- PROBLEM TO WORK ON: Type out the lines below exactly, pictures excluded.

- DATA PROVIDED:
>>>

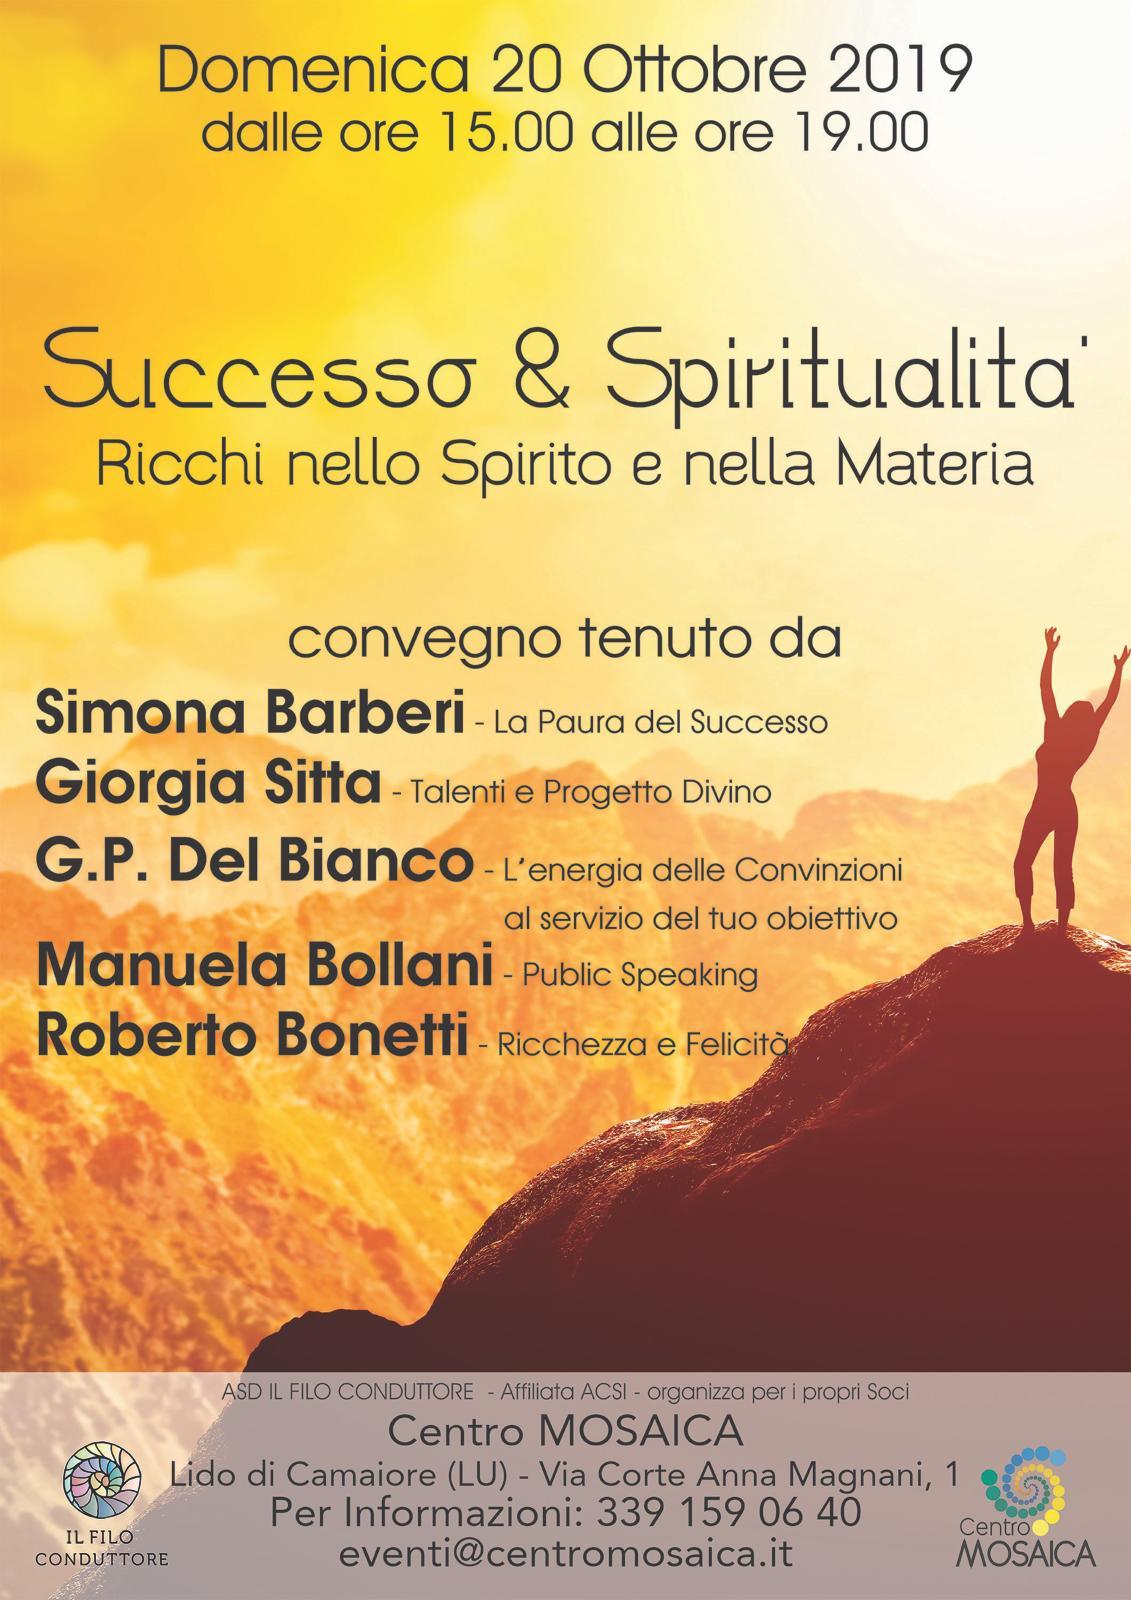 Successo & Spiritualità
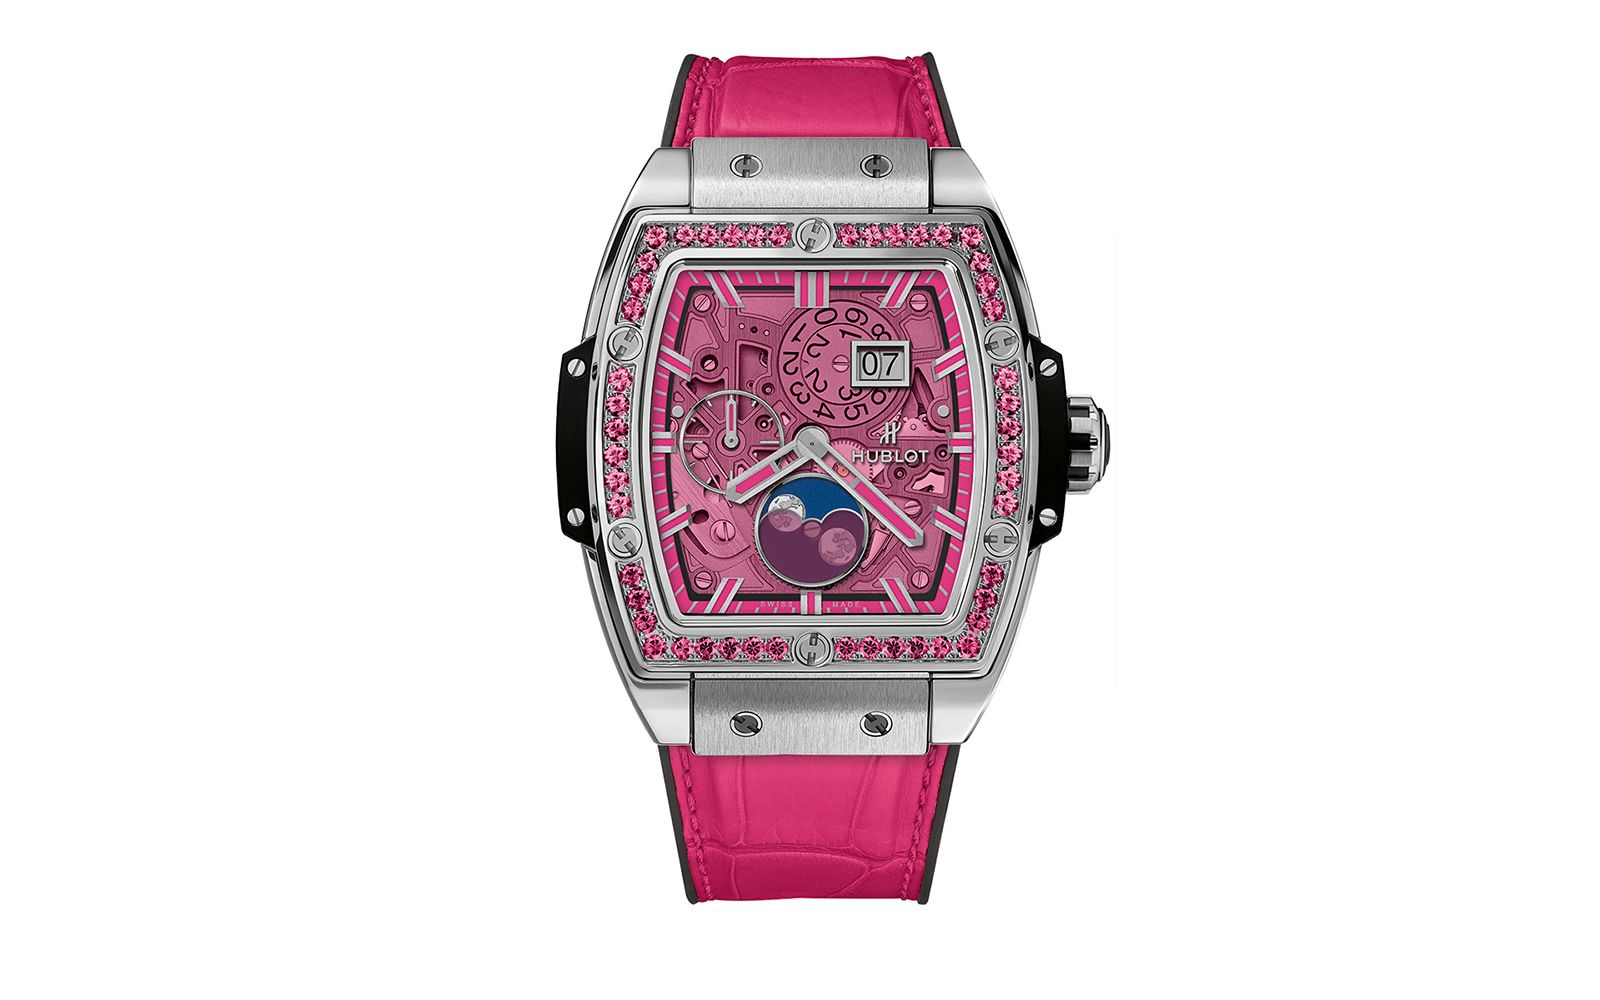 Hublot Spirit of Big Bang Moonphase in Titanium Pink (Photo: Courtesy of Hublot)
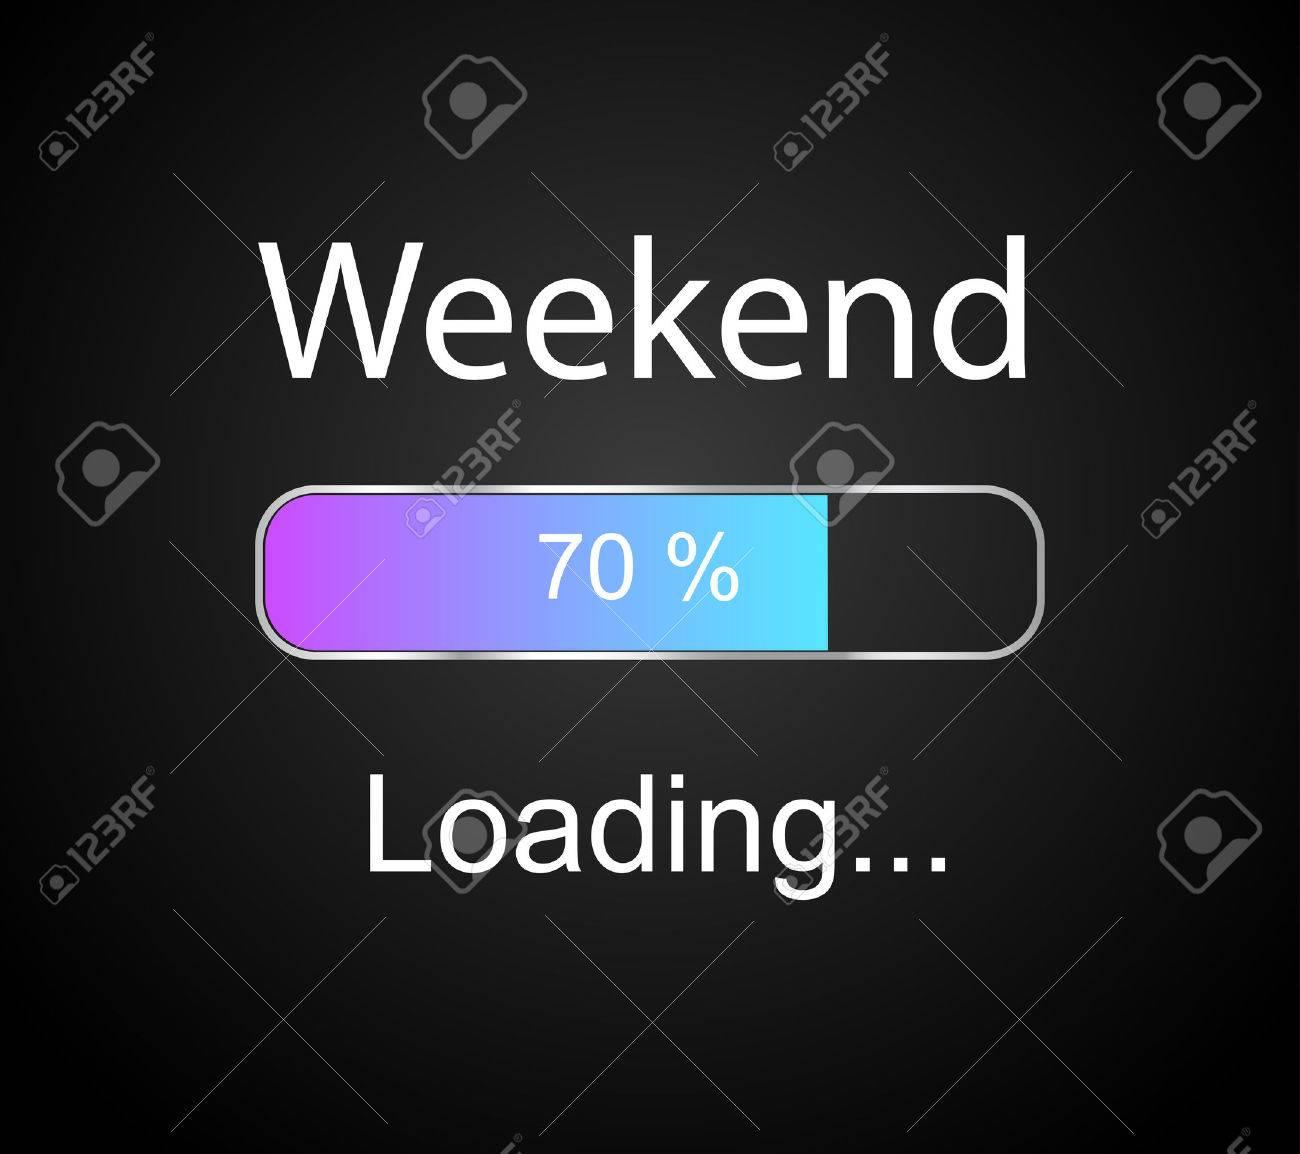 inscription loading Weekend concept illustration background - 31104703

<<<

- RESPONSE TO THIS EXERCISE:
 Successo & Spiritualità
 Hublot Spirit of Big Bang Moonphase in Titanium Pink (Photo: Courtesy of Hublot)
 inscription loading Weekend concept illustration background - 31104703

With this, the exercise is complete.